Aim of the exercise.
All the lines below should be set down exactly, with no picture carried into the copy.
Top of Data extract
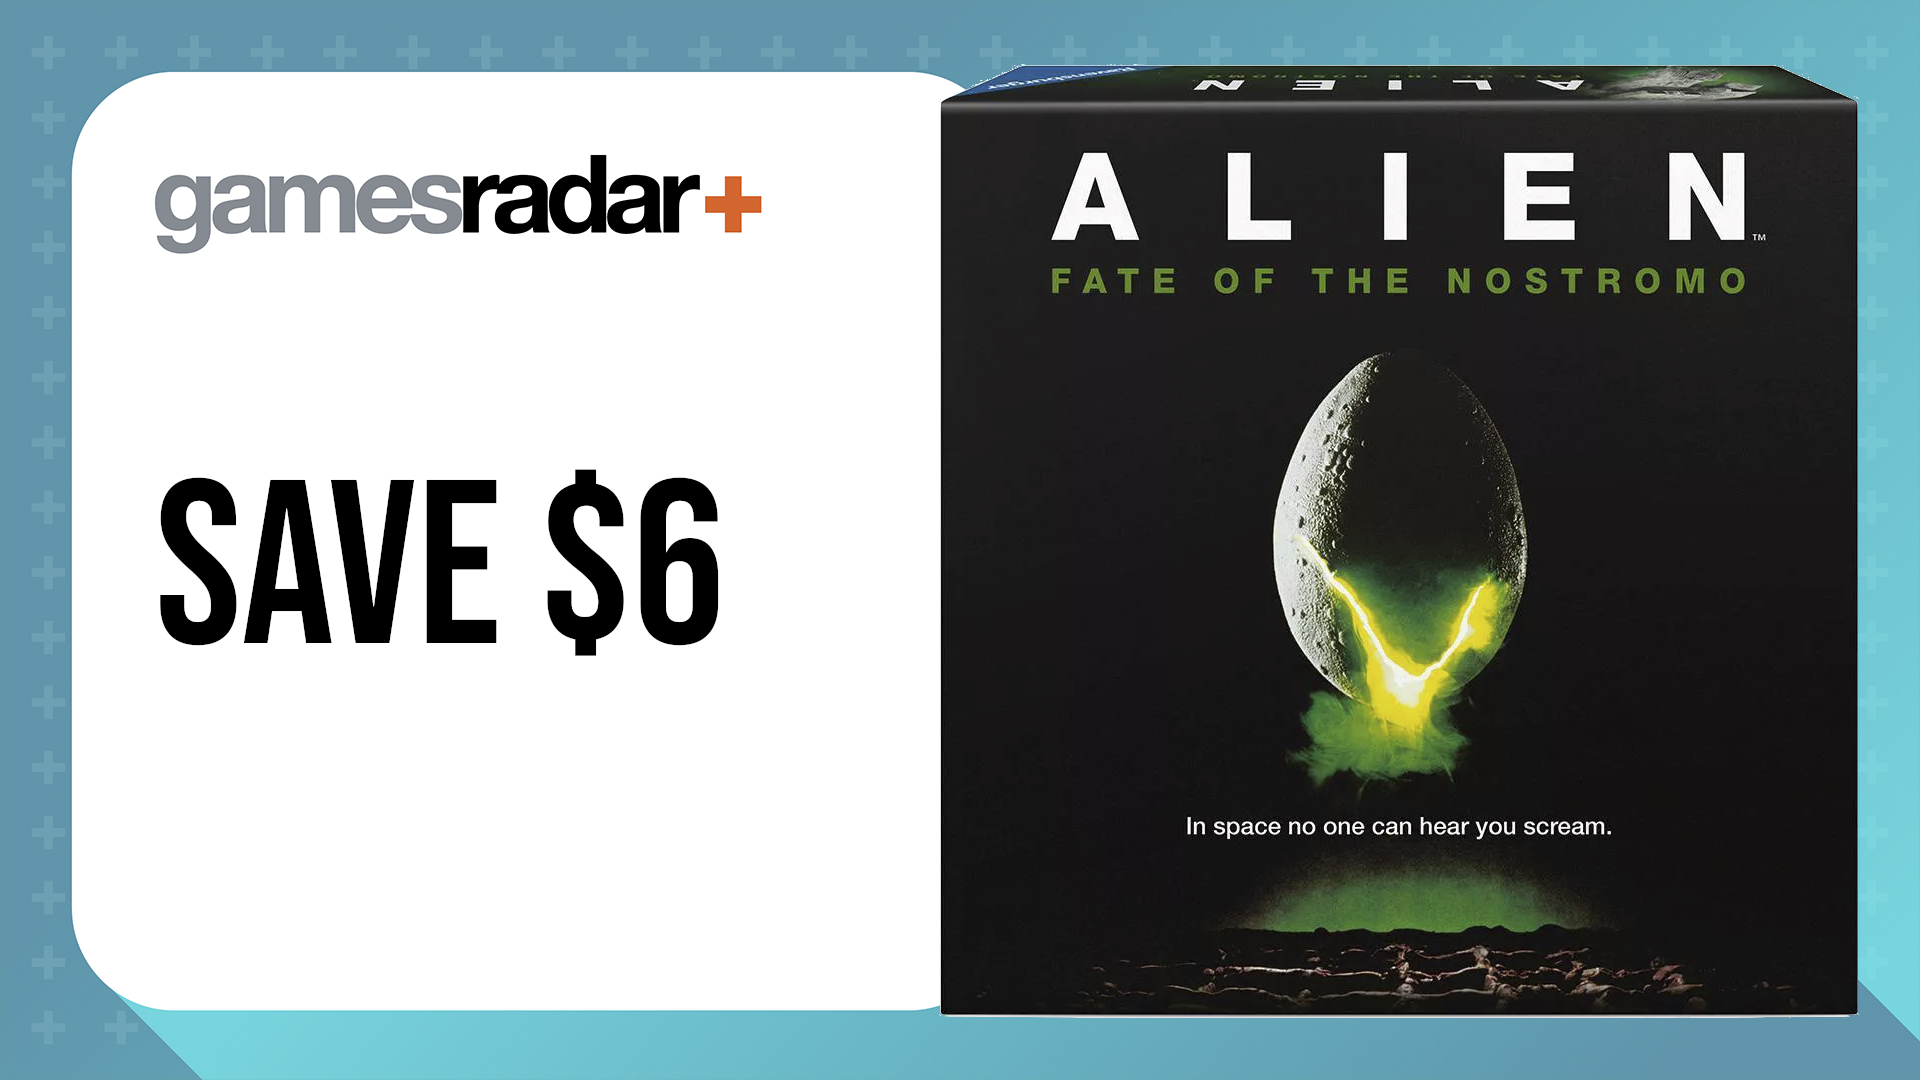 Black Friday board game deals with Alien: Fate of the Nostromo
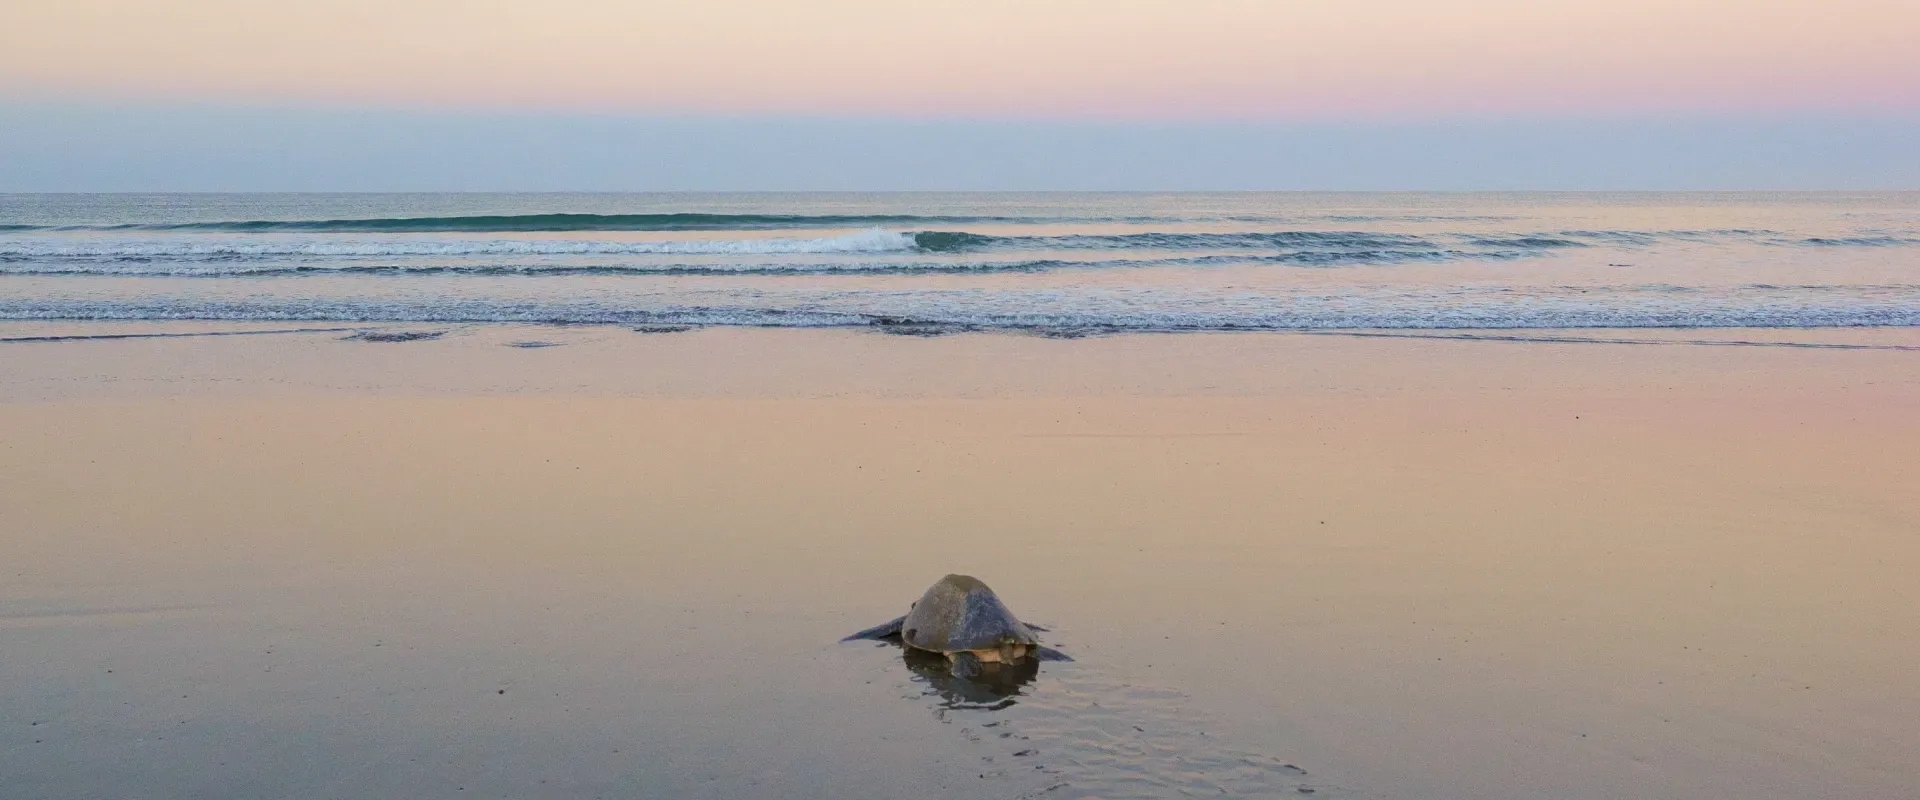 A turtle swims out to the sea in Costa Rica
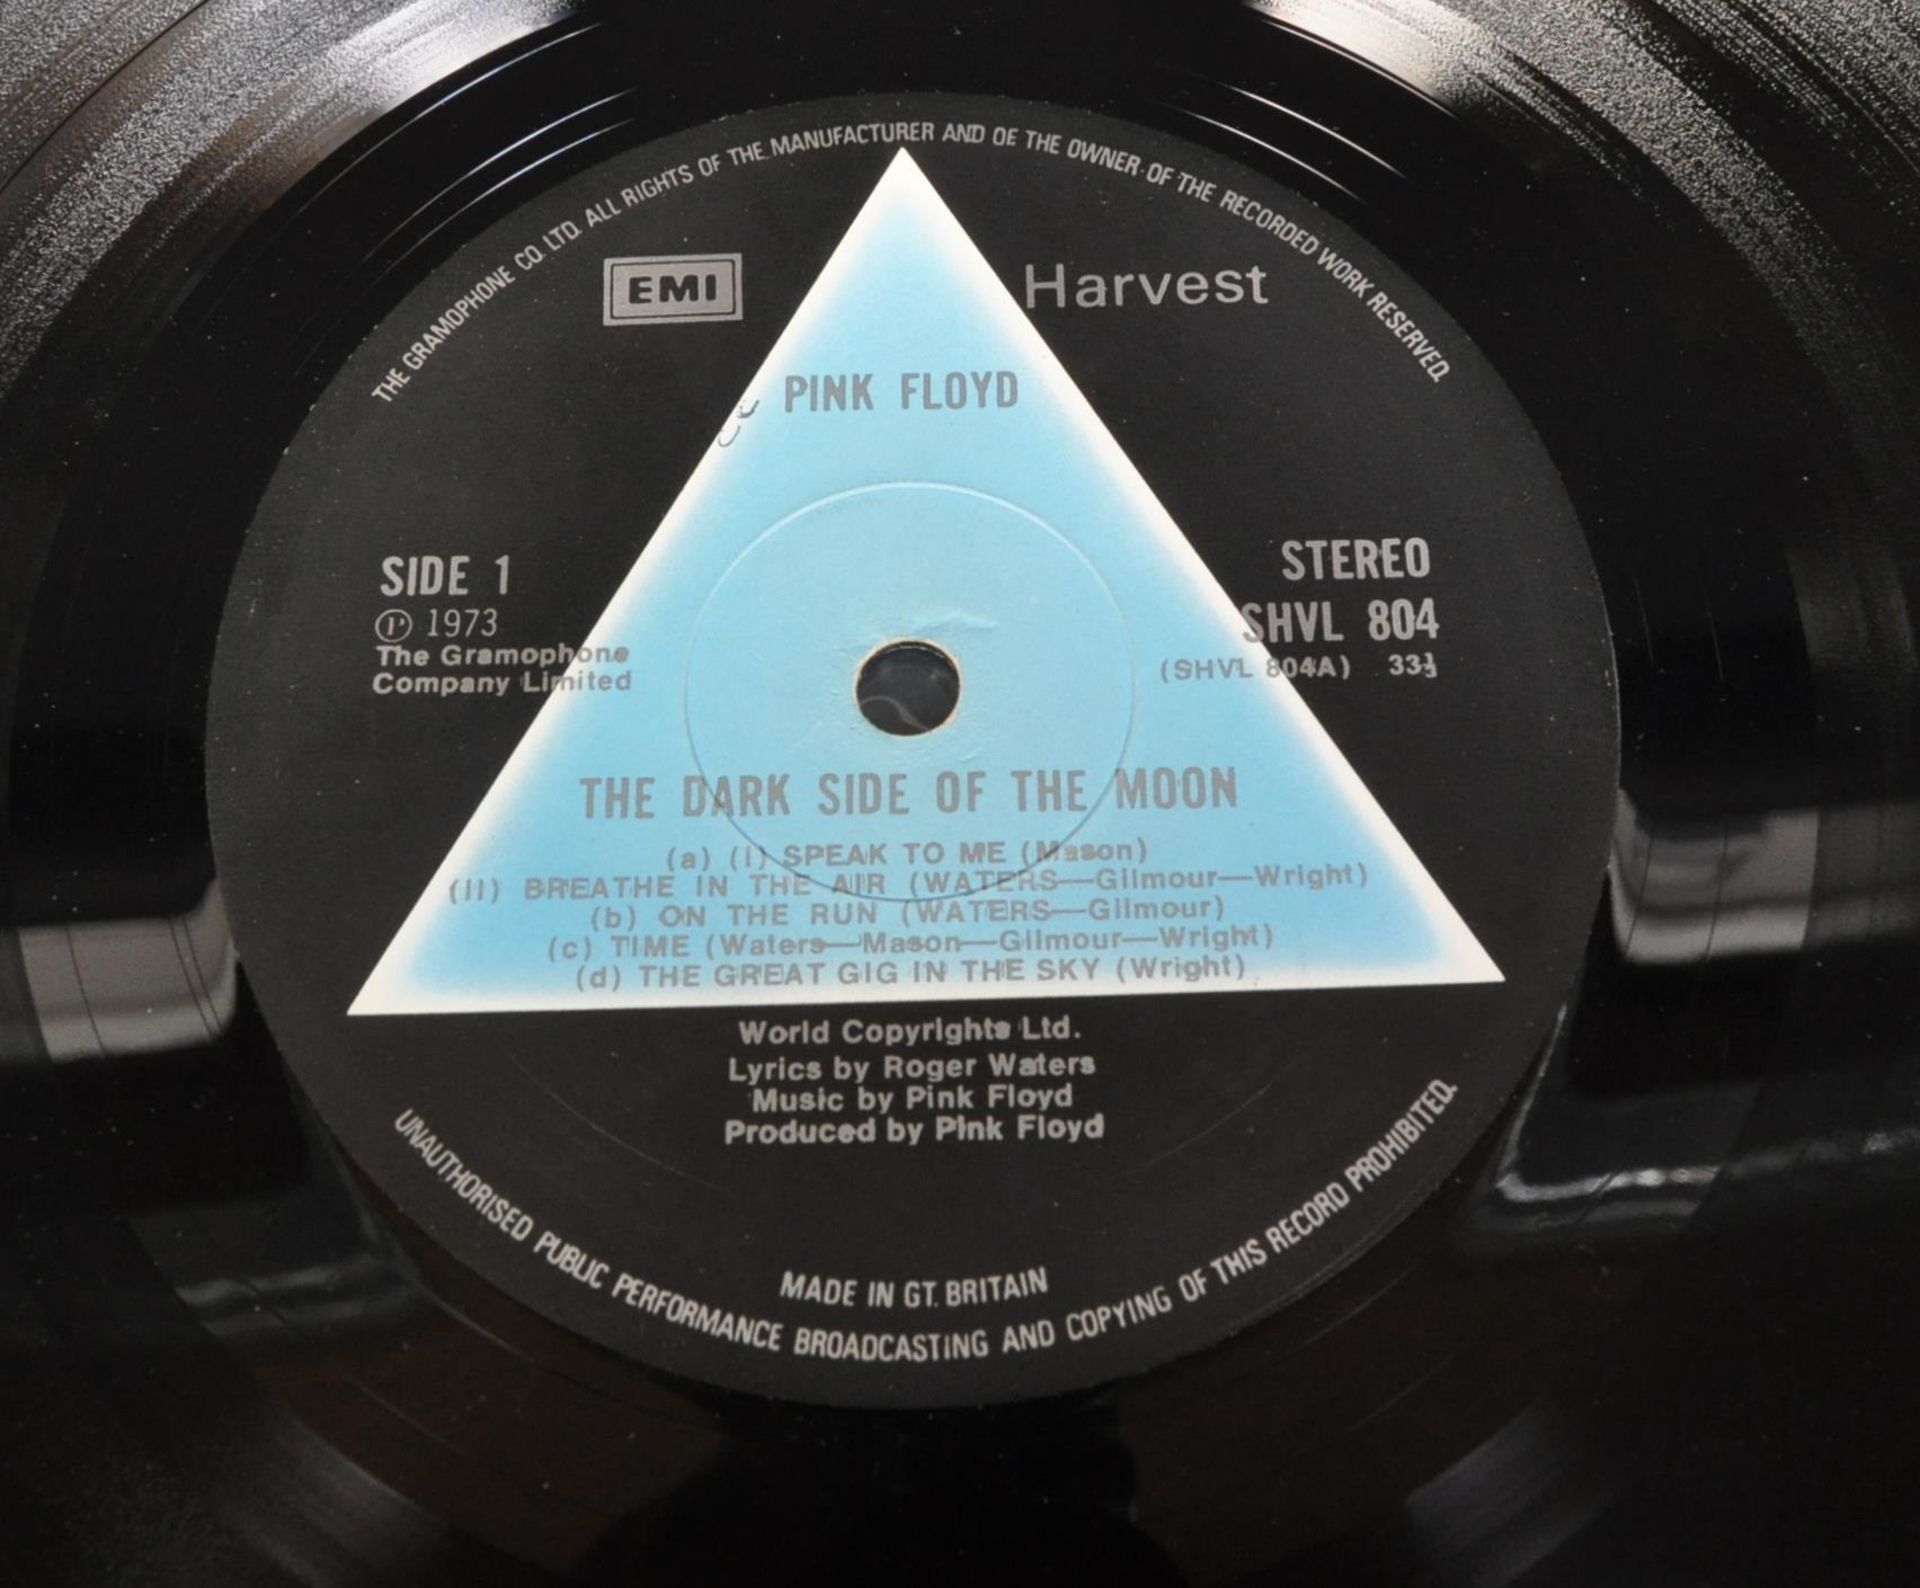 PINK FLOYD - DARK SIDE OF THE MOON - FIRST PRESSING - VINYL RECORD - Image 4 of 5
Bottom of Data extract
Exercise output.
 Black Friday board game deals with Alien: Fate of the Nostromo
 A turtle swims out to the sea in Costa Rica
 PINK FLOYD - DARK SIDE OF THE MOON - FIRST PRESSING - VINYL RECORD - Image 4 of 5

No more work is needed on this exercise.